In regards to the microbiome and weight loss, it is poorly understood at the moment (Conlon and Bird, 2015), though a recent systematic review showed that restrictive diets and bariatric surgery “reduce microbial abundance and promote changes in microbial composition that could have long-term detrimental effects on the colon.” They further state that “prebiotics might restore a healthy microbiome and reduce body fat“(Segenfrado et al, 2017). Wolf and Lorenz (2012) show that using “good” probiotic bacteria may induce changes in the obese phenotype. Bik (2015) states that learning more about the microbiome, dysbiosis (Carding et al, 2015), and how the microbiome interacts with our metabolism, brain, and physiology, then we can better treat those with obesity due to the dysbiosis of the microbiome. Clark et al (2012) show how the mechanisms behind the microbiota and obesity.
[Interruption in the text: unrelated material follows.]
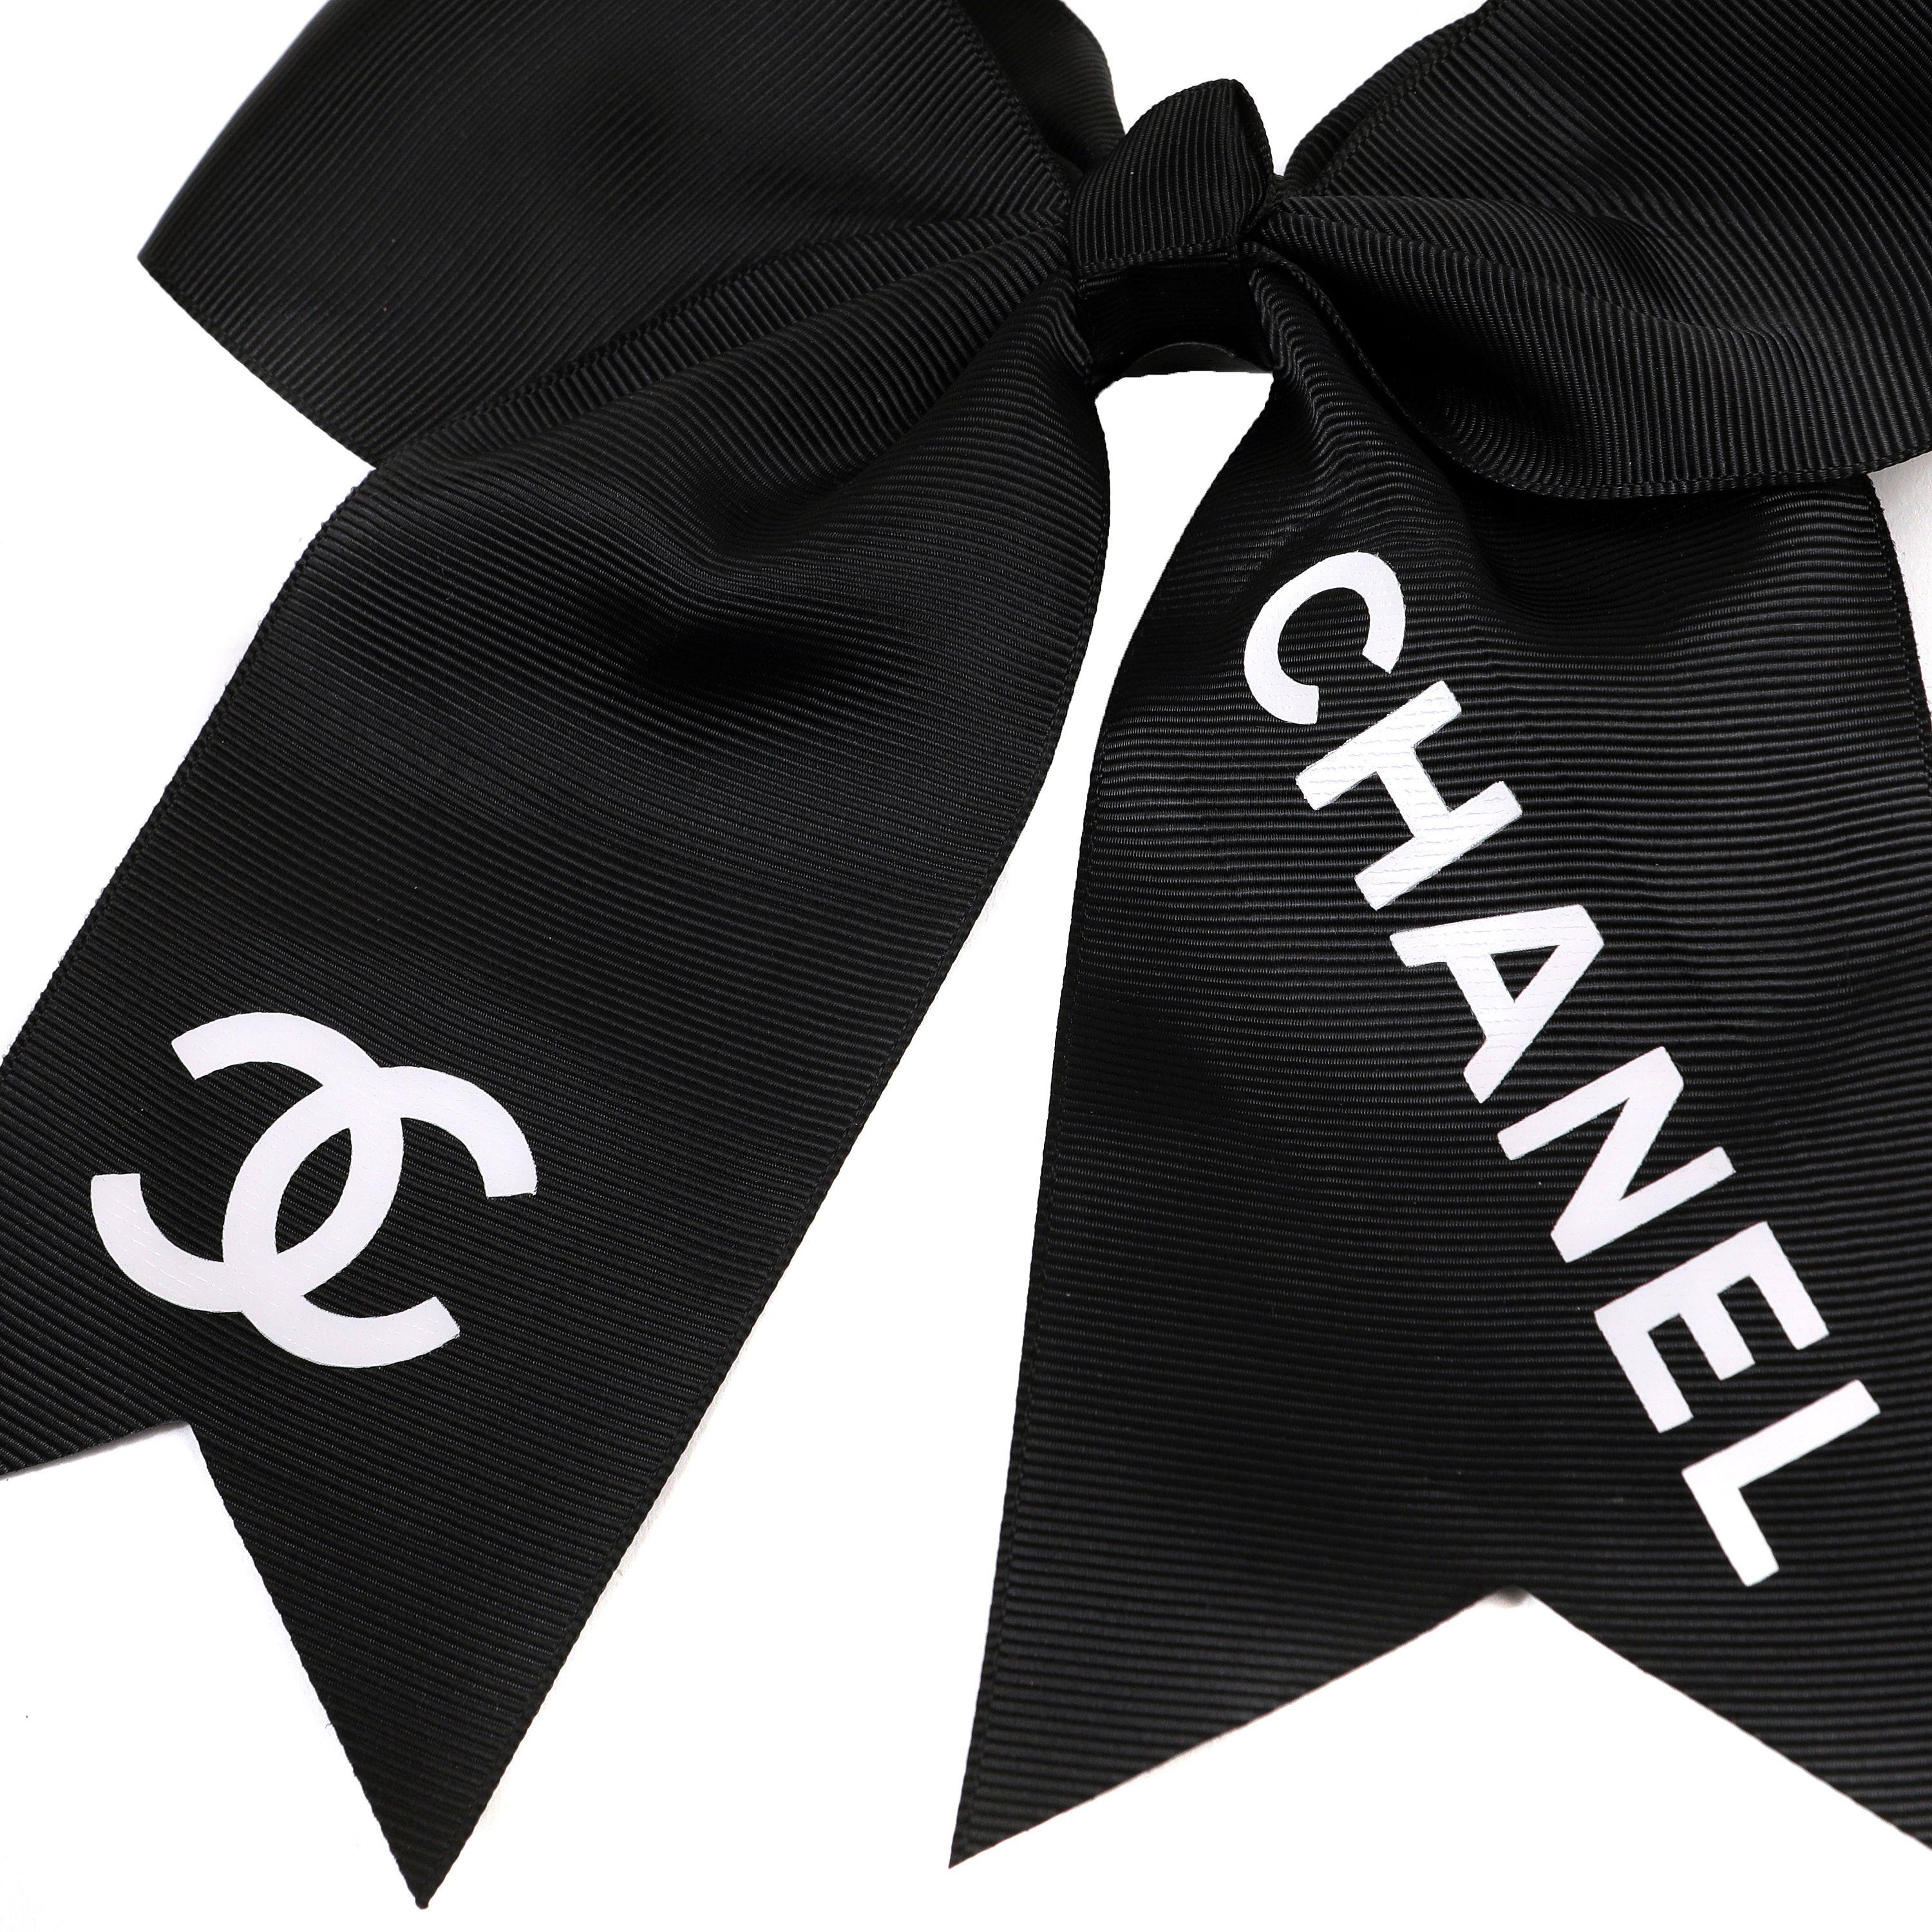 Cet authentique. Le nœud papillon noir de Chanel est impeccable.  Boucle surdimensionnée en gros-grain noir avec CC blanc et lettres CHANEL.  Attache élastique.  
PBF 13940

Weight loss is, clearly, more than CI/CO, and once we understand other mechanisms of weight loss/gain/regulation then we can better treat people with these metabolic syndromes that weirdly are all linked to each other. Diets affect the diversity of the microbiome, the diversity of the microbiome already there though, may need other macro/micro splits in order to show differing weight loss, in the case of the NND and ADD study reviewed above. Changes in weight do change the diversity of the microbiome of an individual, however, the heritable component of the microbiome may mean that some people need to eat different foods compared to others who have a different microbiome. Over time, new studies will show how and why the macro/micronutrient content matters for weight loss/gain.
Clearly, reducing the complex physiological process of weight gain/loss to numbers and ignoring the physiological process and how the microbiome induces weight gain/loss and works together with our other body’s cells. As the science grows here we will have a much greater understanding of our body’s weight loss mechanisms. Once we do that, then we can better help people with this disease.